◆ The data
━━━━
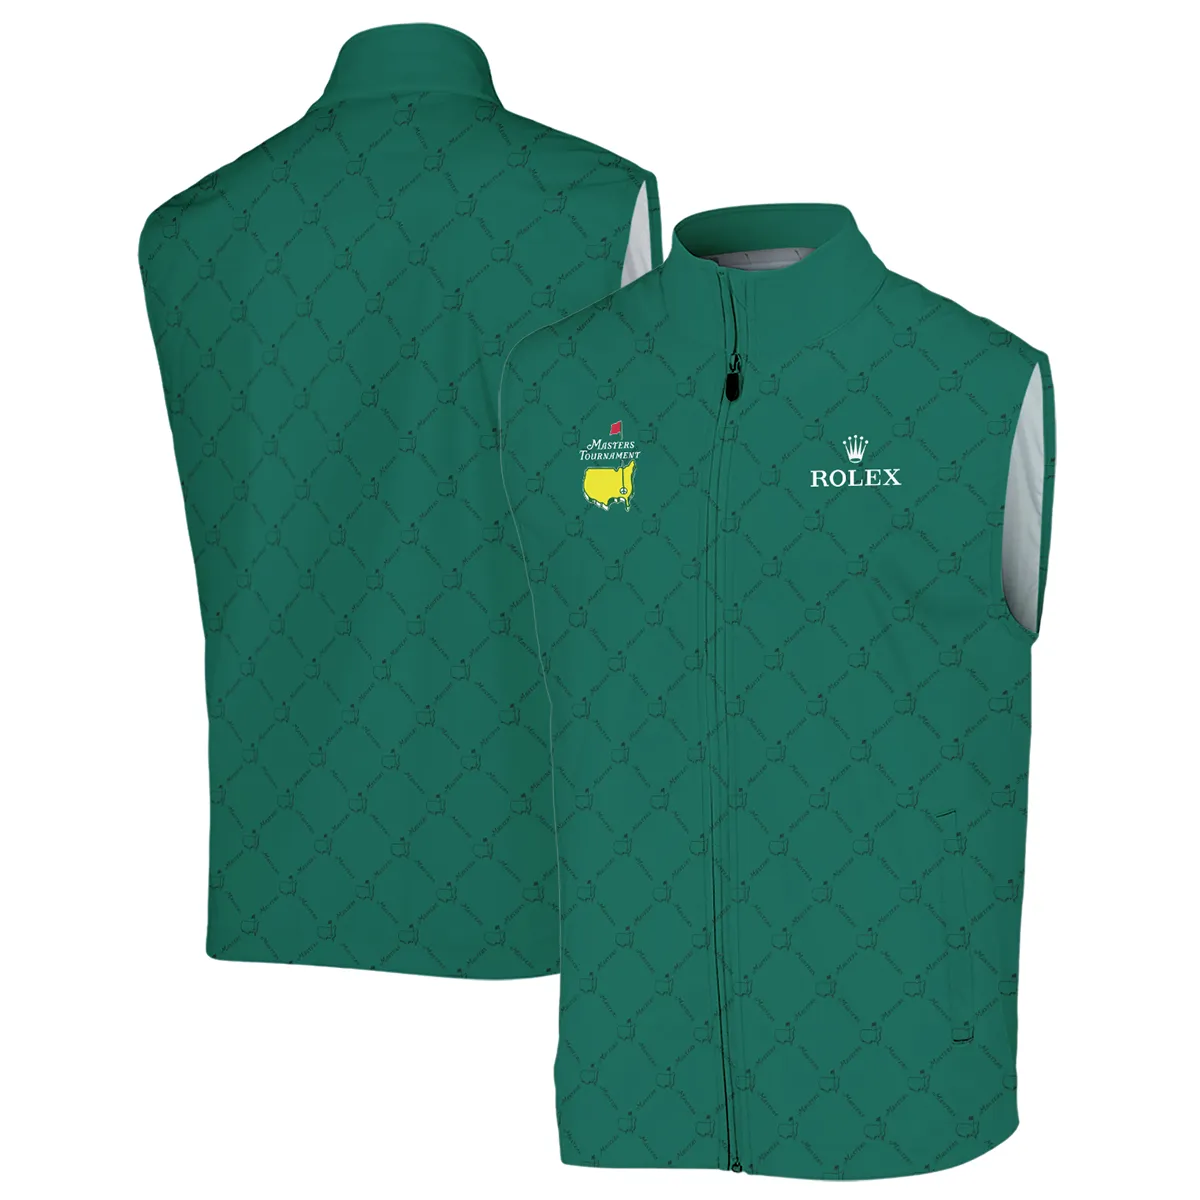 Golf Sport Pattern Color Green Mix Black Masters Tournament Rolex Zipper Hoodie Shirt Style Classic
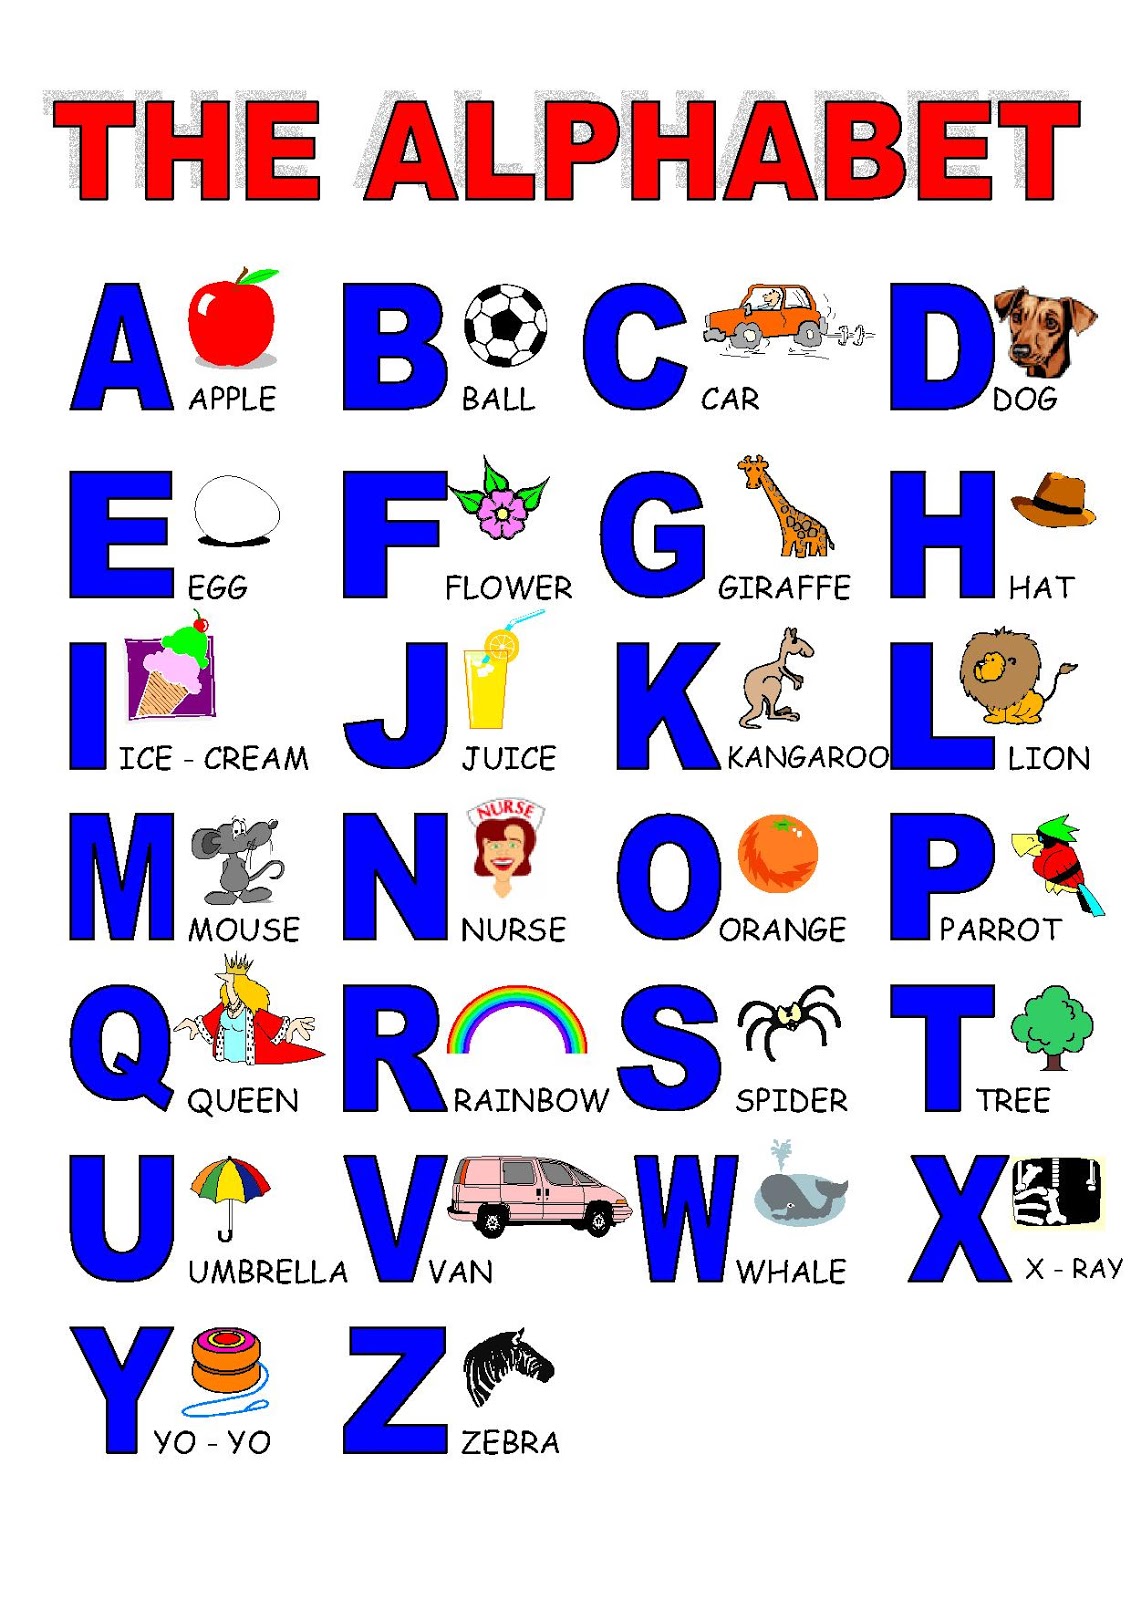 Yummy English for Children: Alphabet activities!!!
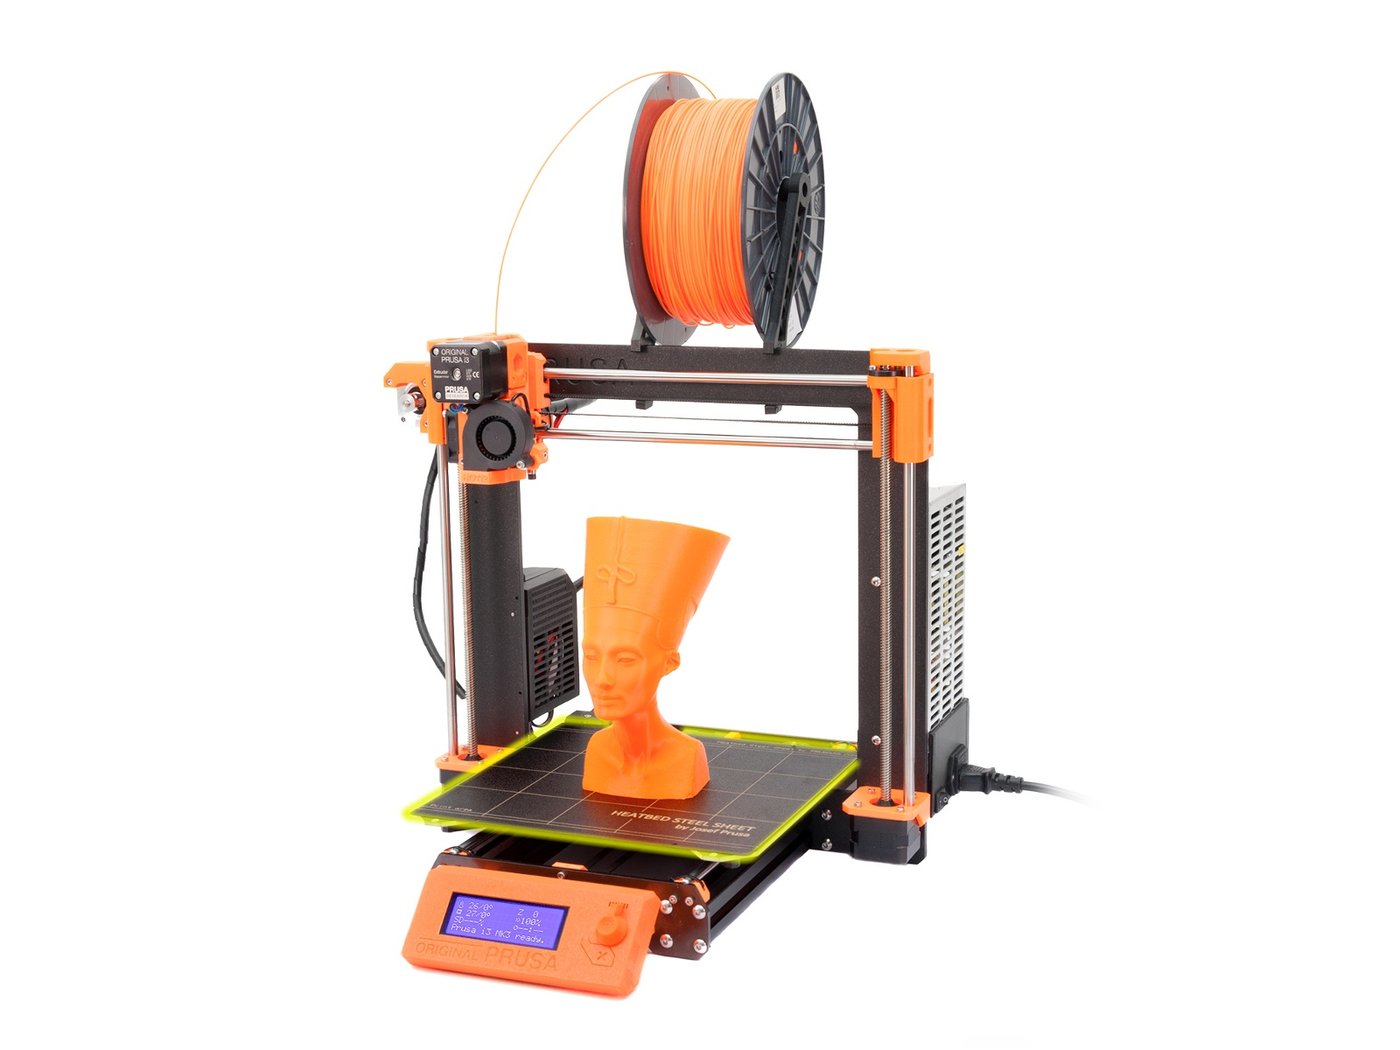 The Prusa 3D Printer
━━━━
◆ Problem to solve
Return the lines above exactly; the images are not part of the copy.

◆ Answer box
 Golf Sport Pattern Color Green Mix Black Masters Tournament Rolex Zipper Hoodie Shirt Style Classic
 Yummy English for Children: Alphabet activities!!!
 The Prusa 3D Printer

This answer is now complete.